* _What is expected_: Will you output all of the data below exactly, omitting the images?

* _Data records_:

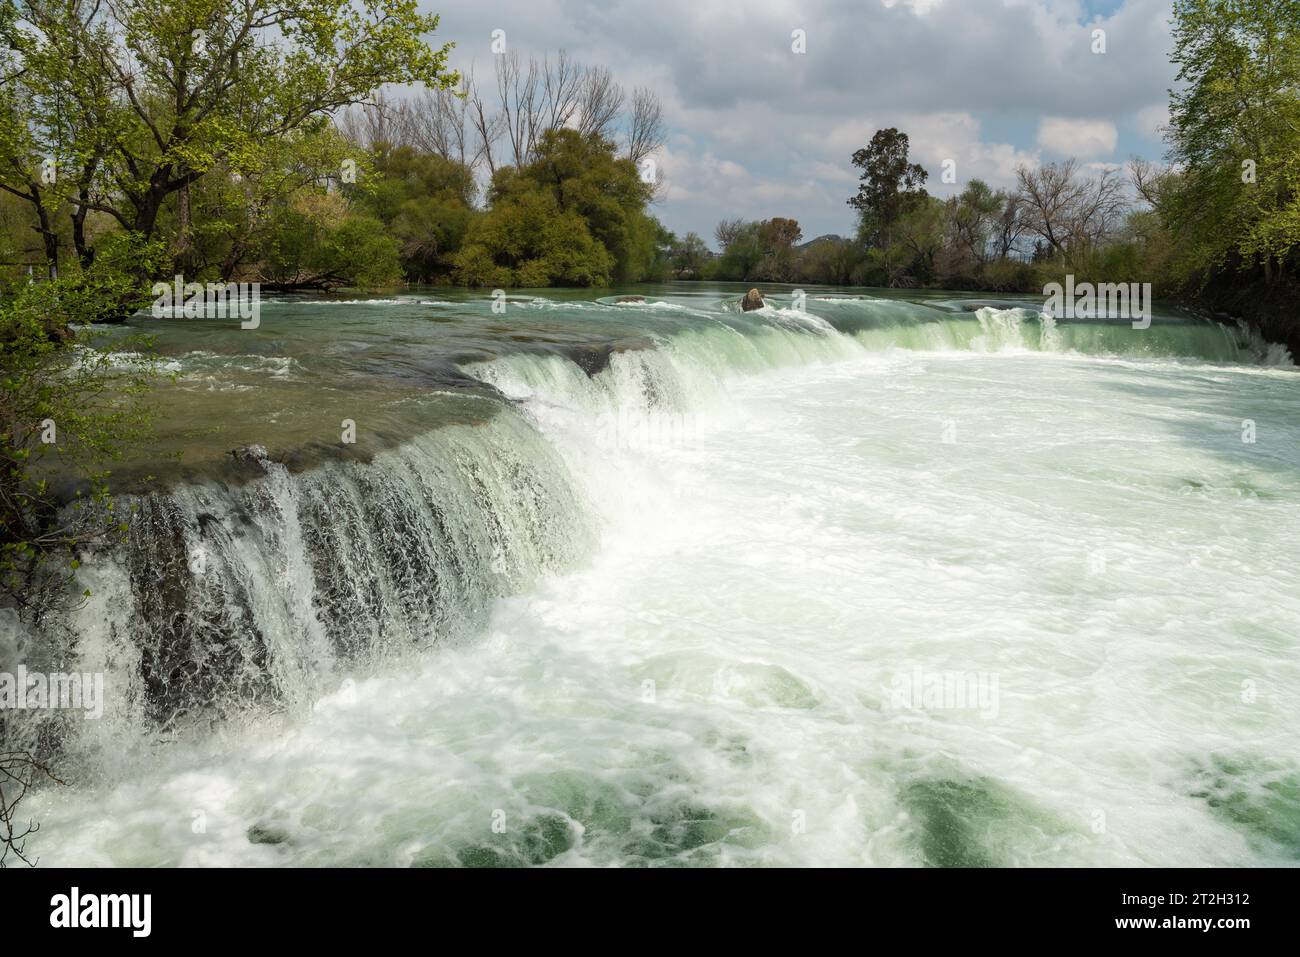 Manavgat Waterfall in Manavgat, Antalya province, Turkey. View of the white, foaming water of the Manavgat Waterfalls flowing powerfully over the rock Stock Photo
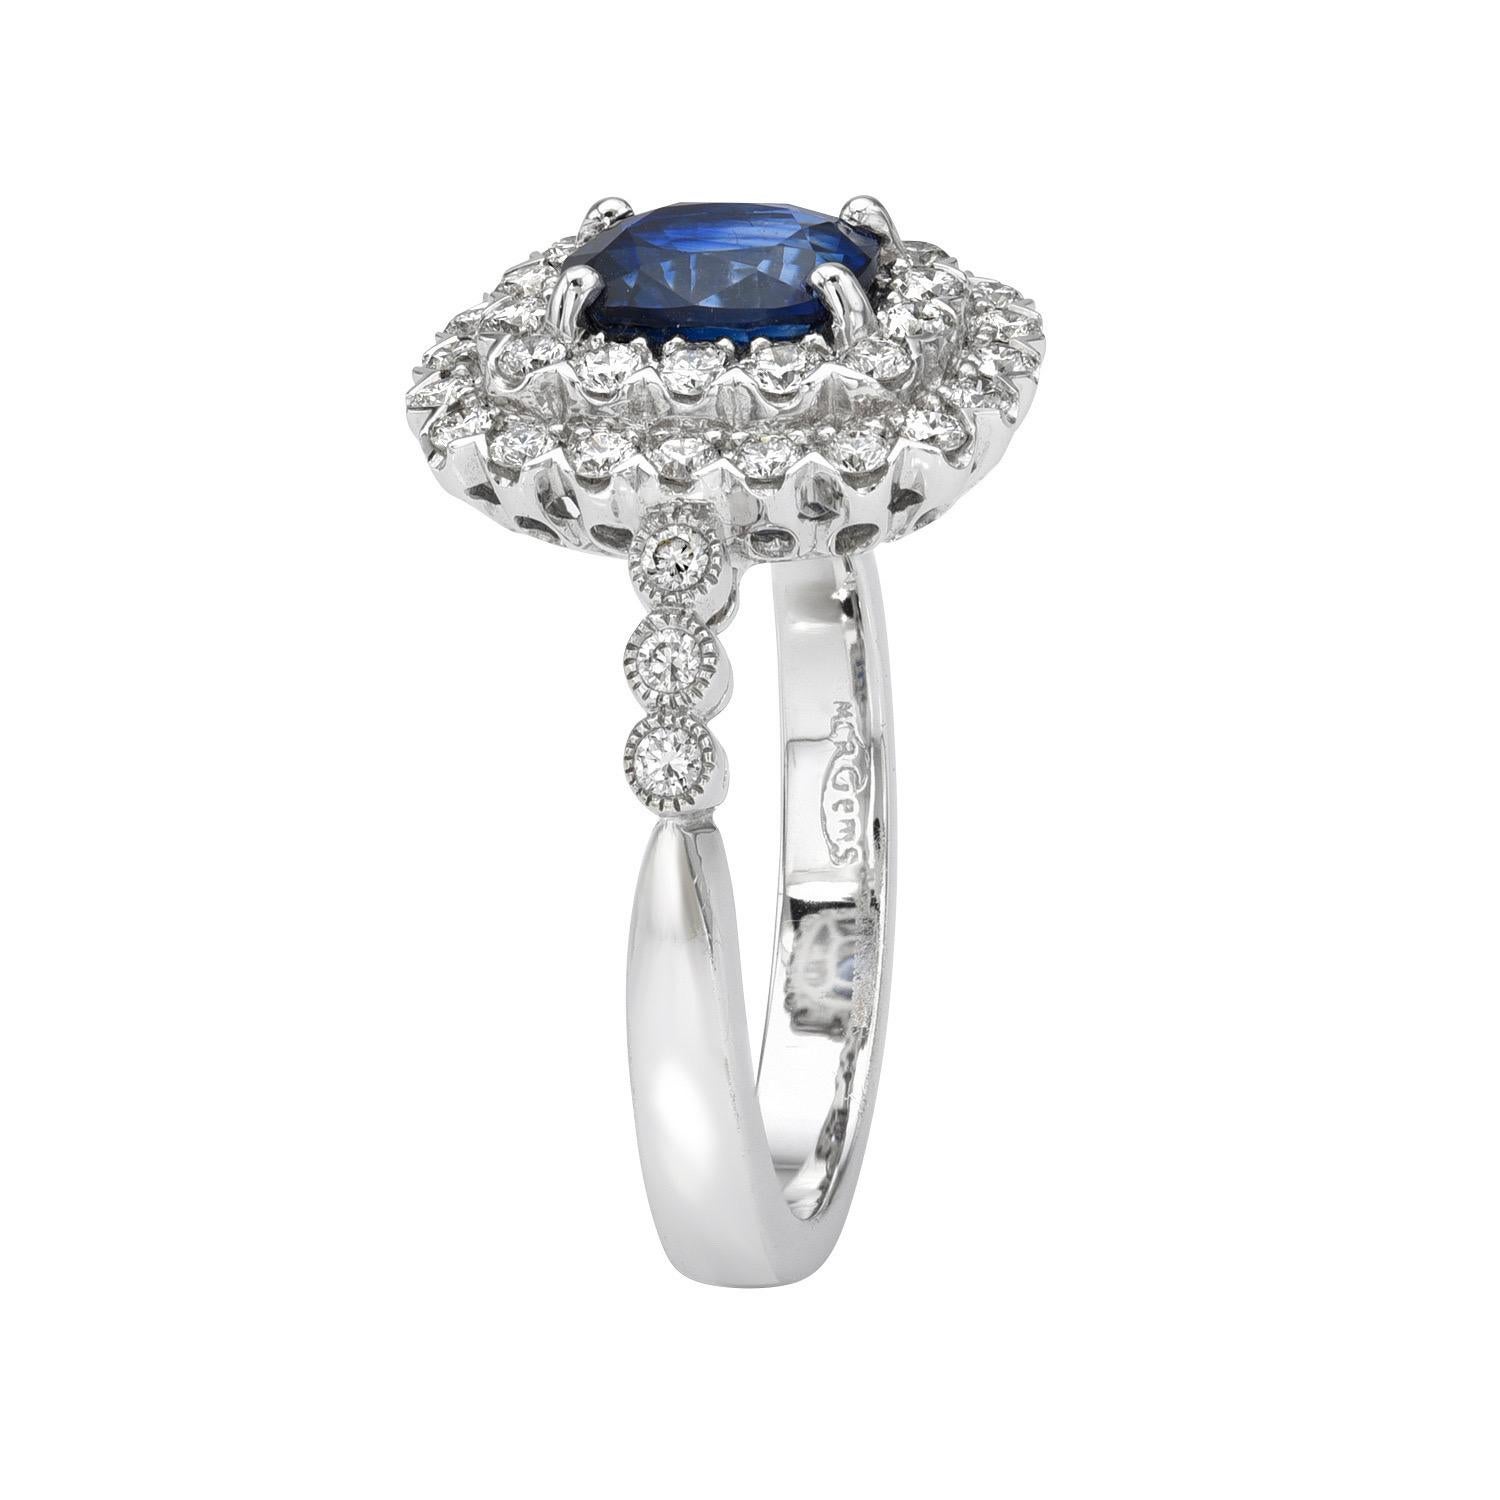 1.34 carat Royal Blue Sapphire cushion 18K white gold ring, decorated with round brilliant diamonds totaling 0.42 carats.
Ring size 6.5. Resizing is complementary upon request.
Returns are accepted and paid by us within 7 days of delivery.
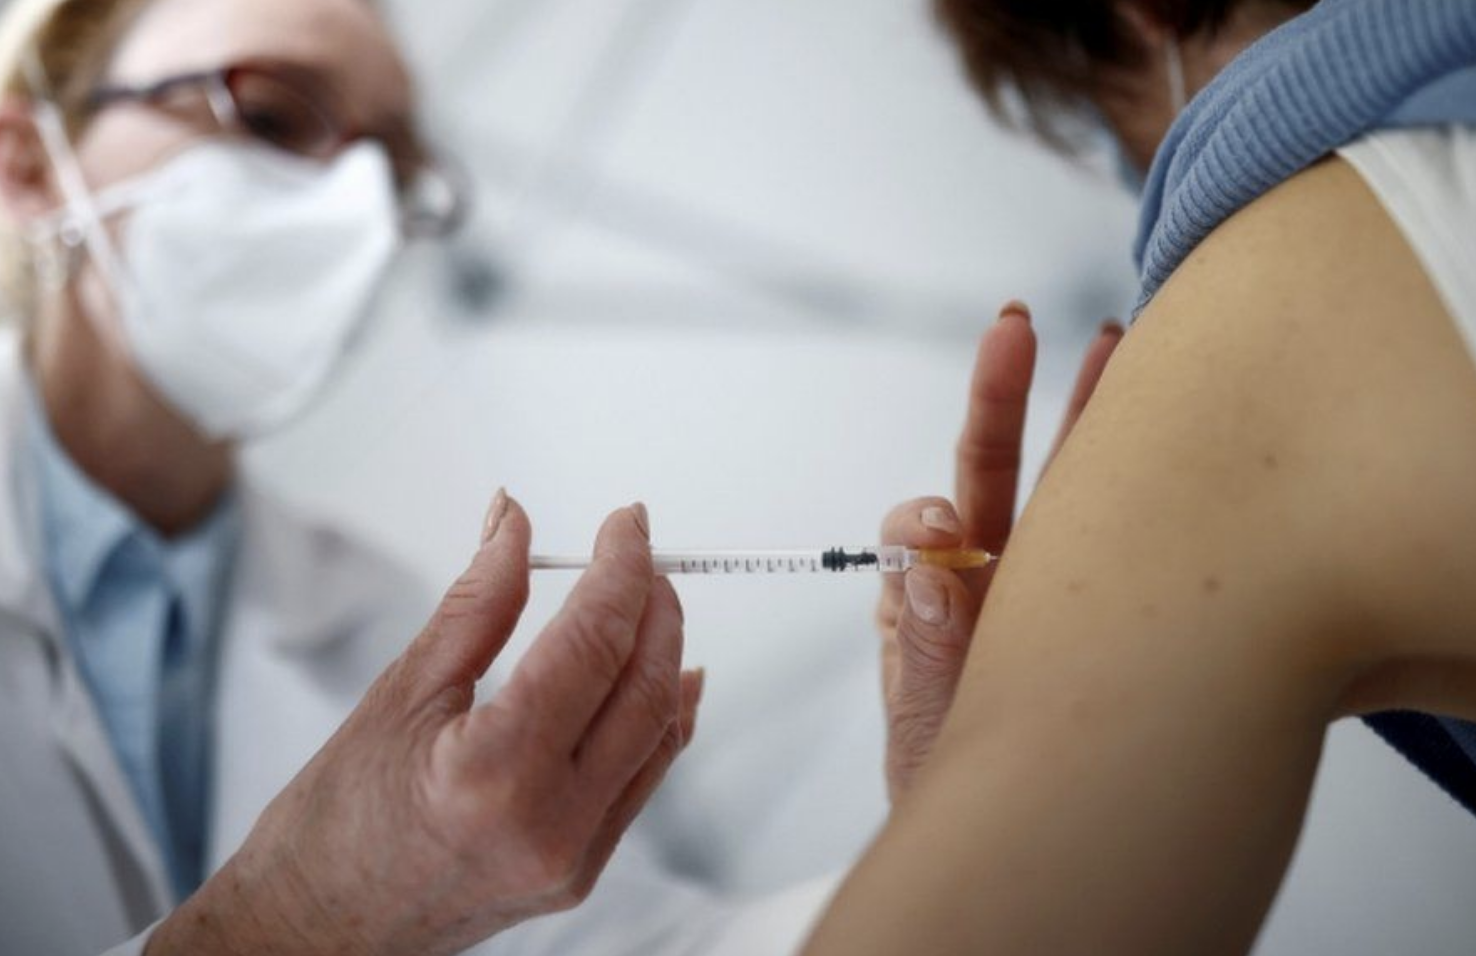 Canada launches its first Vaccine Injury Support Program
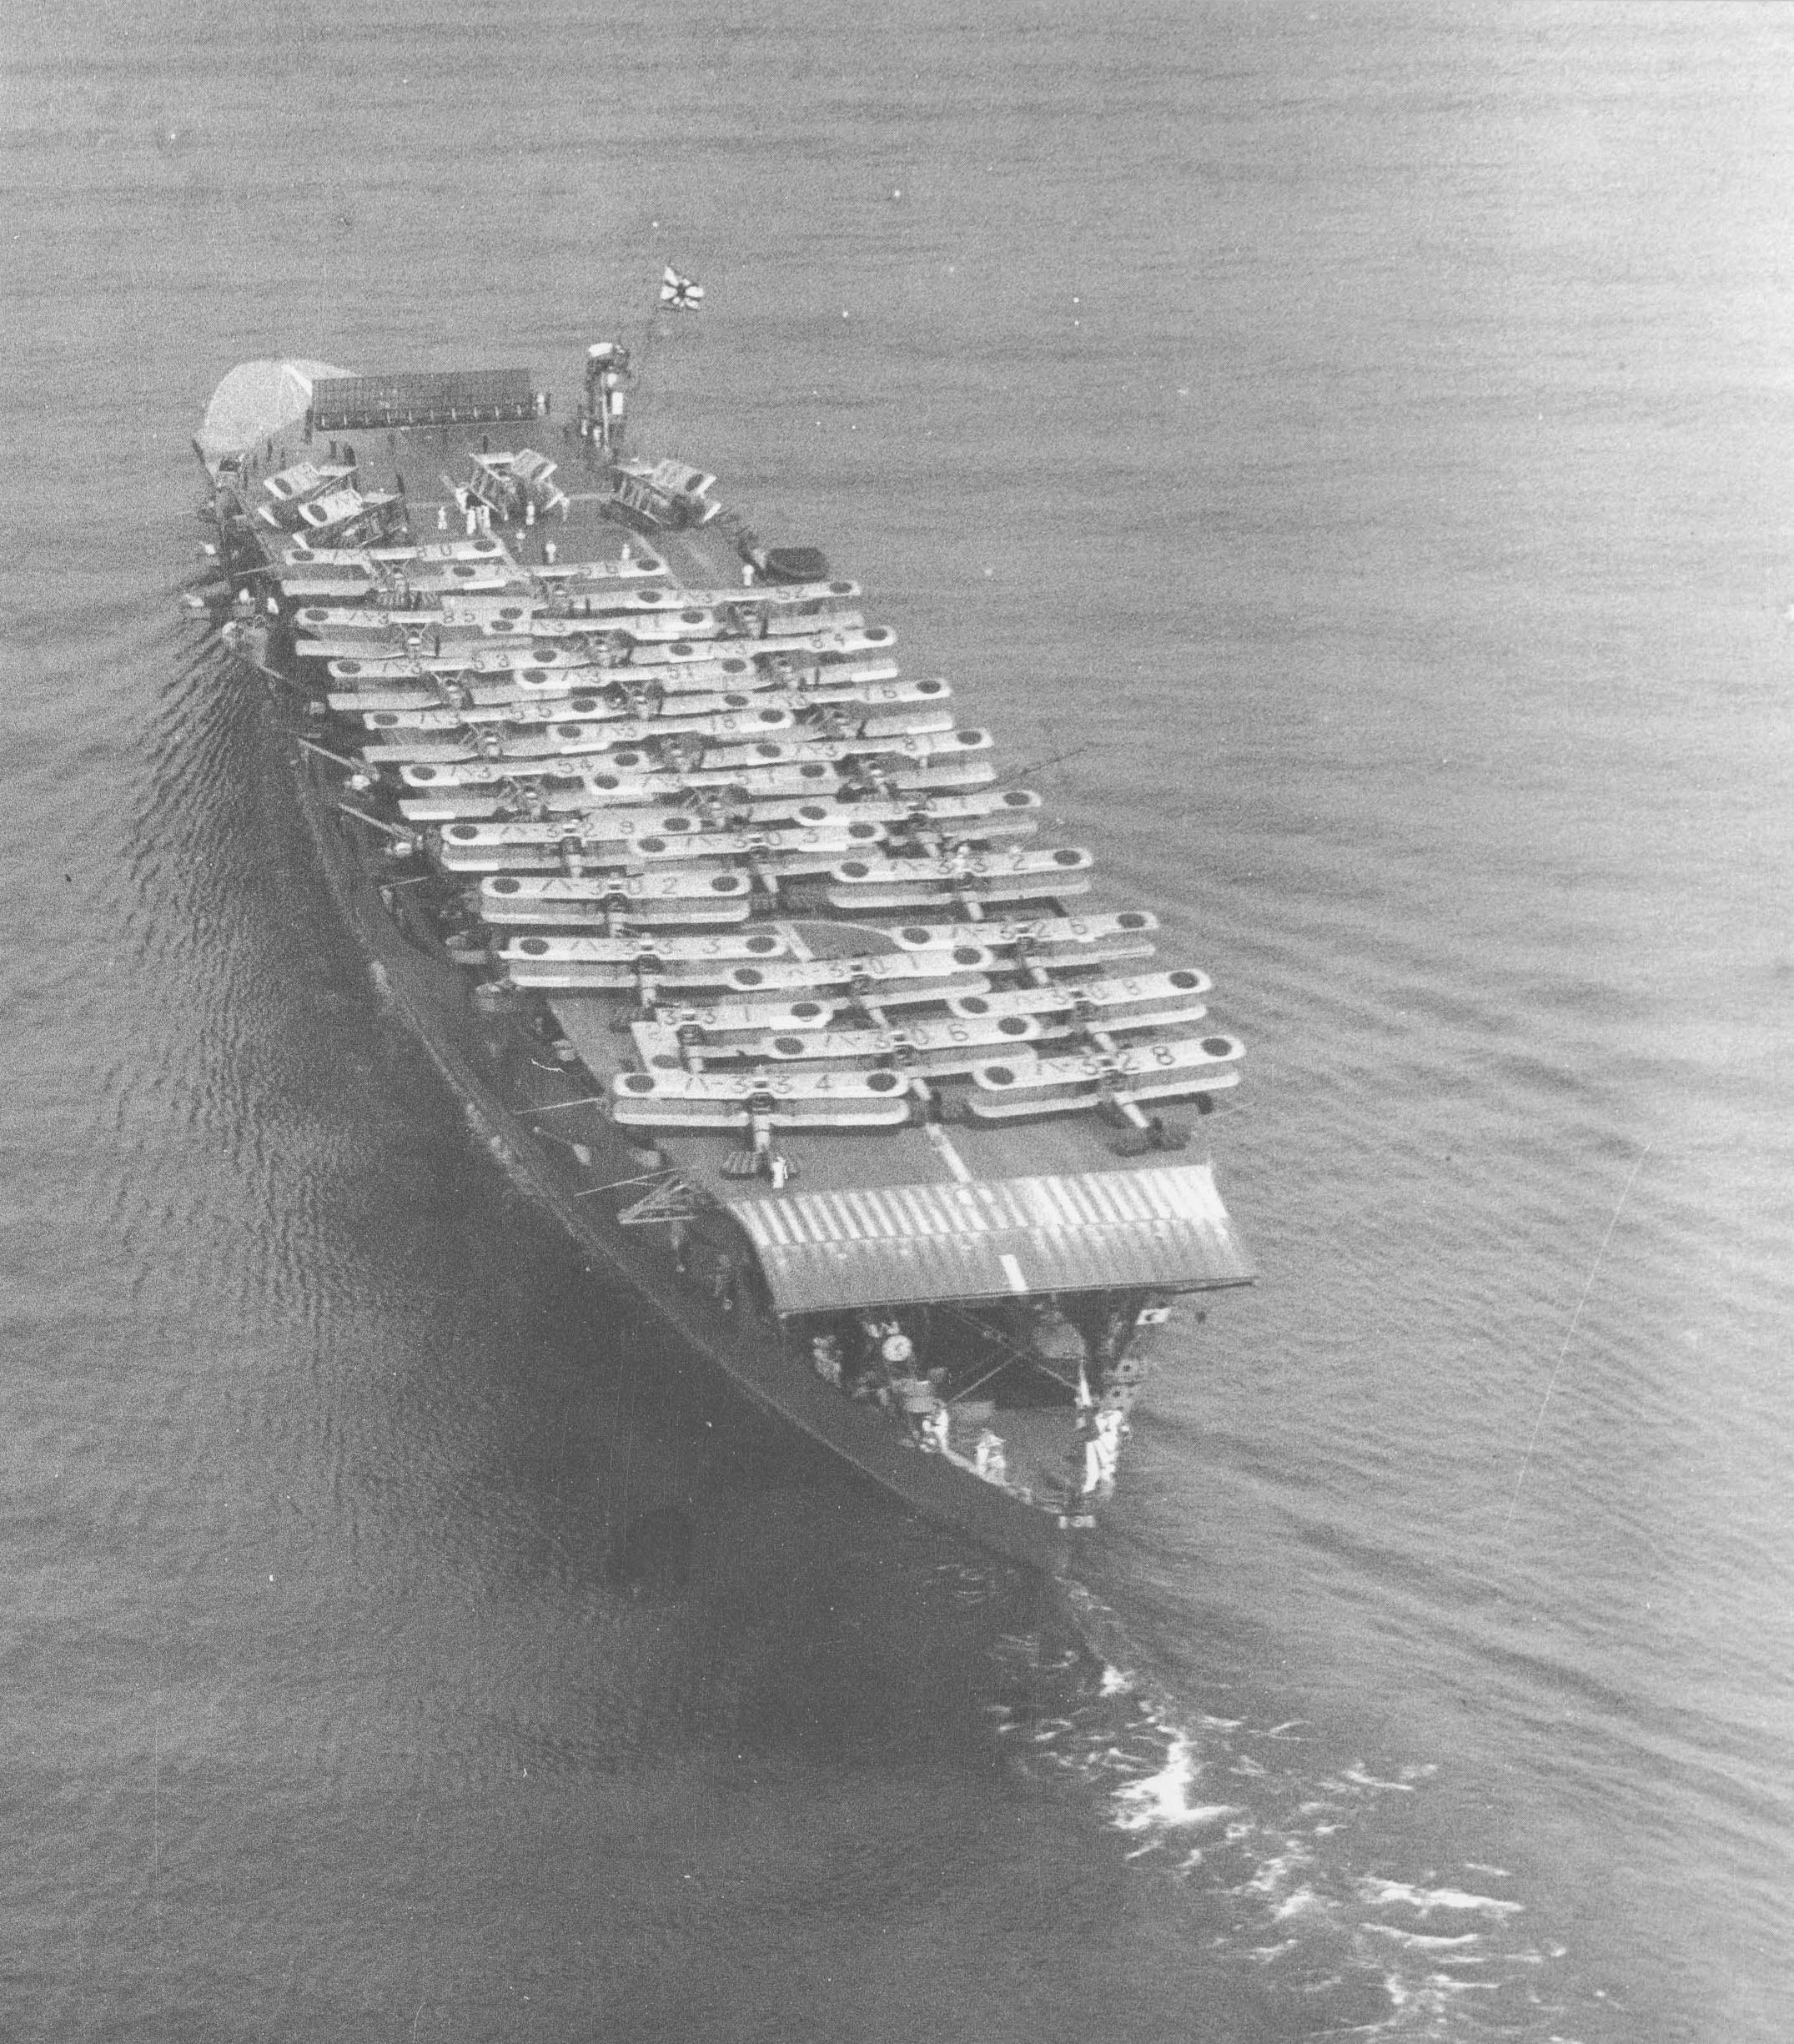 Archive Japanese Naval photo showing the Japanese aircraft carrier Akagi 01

* _Worked solution_:
 Manavgat Waterfall in Manavgat, Antalya province, Turkey. View of the white, foaming water of the Manavgat Waterfalls flowing powerfully over the rock Stock Photo
 1.34 carat Royal Blue Sapphire cushion 18K white gold ring, decorated with round brilliant diamonds totaling 0.42 carats.
Ring size 6.5. Resizing is complementary upon request.
Returns are accepted and paid by us within 7 days of delivery.
 Canada launches its first Vaccine Injury Support Program
 Archive Japanese Naval photo showing the Japanese aircraft carrier Akagi 01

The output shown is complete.